- **EXERCISE DIRECTIONS**
A faithful copy of the whole listing is required.

- **SOURCE INFORMATION**
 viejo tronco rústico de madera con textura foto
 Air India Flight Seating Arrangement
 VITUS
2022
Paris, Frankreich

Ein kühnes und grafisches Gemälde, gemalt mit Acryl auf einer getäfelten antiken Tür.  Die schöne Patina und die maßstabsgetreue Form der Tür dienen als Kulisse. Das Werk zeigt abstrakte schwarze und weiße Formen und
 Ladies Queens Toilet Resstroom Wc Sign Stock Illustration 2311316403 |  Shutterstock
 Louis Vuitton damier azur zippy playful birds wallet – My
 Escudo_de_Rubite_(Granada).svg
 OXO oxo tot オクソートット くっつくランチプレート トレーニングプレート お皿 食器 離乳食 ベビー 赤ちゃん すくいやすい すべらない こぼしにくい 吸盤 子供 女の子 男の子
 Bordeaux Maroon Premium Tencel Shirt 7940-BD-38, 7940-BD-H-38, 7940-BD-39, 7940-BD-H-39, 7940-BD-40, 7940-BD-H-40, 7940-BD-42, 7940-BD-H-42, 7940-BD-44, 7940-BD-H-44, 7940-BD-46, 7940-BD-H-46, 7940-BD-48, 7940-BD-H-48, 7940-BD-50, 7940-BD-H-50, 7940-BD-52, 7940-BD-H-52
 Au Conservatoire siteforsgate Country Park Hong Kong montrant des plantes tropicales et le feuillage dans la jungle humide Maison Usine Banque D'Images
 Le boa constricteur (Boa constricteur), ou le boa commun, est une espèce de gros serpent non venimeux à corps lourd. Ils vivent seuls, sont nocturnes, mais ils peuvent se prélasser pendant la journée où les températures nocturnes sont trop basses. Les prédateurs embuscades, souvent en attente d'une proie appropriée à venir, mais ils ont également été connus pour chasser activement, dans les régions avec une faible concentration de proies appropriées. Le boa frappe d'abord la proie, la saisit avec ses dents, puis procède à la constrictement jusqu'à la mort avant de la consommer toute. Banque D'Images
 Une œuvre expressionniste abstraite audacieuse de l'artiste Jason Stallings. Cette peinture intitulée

- **EXPECTED OUTPUT**
 viejo tronco rústico de madera con textura foto
 Air India Flight Seating Arrangement
 VITUS
2022
Paris, Frankreich

Ein kühnes und grafisches Gemälde, gemalt mit Acryl auf einer getäfelten antiken Tür.  Die schöne Patina und die maßstabsgetreue Form der Tür dienen als Kulisse. Das Werk zeigt abstrakte schwarze und weiße Formen und
 Ladies Queens Toilet Resstroom Wc Sign Stock Illustration 2311316403 |  Shutterstock
 Louis Vuitton damier azur zippy playful birds wallet – My
 Escudo_de_Rubite_(Granada).svg
 OXO oxo tot オクソートット くっつくランチプレート トレーニングプレート お皿 食器 離乳食 ベビー 赤ちゃん すくいやすい すべらない こぼしにくい 吸盤 子供 女の子 男の子
 Bordeaux Maroon Premium Tencel Shirt 7940-BD-38, 7940-BD-H-38, 7940-BD-39, 7940-BD-H-39, 7940-BD-40, 7940-BD-H-40, 7940-BD-42, 7940-BD-H-42, 7940-BD-44, 7940-BD-H-44, 7940-BD-46, 7940-BD-H-46, 7940-BD-48, 7940-BD-H-48, 7940-BD-50, 7940-BD-H-50, 7940-BD-52, 7940-BD-H-52
 Au Conservatoire siteforsgate Country Park Hong Kong montrant des plantes tropicales et le feuillage dans la jungle humide Maison Usine Banque D'Images
 Le boa constricteur (Boa constricteur), ou le boa commun, est une espèce de gros serpent non venimeux à corps lourd. Ils vivent seuls, sont nocturnes, mais ils peuvent se prélasser pendant la journée où les températures nocturnes sont trop basses. Les prédateurs embuscades, souvent en attente d'une proie appropriée à venir, mais ils ont également été connus pour chasser activement, dans les régions avec une faible concentration de proies appropriées. Le boa frappe d'abord la proie, la saisit avec ses dents, puis procède à la constrictement jusqu'à la mort avant de la consommer toute. Banque D'Images
 Une œuvre expressionniste abstraite audacieuse de l'artiste Jason Stallings. Cette peinture intitulée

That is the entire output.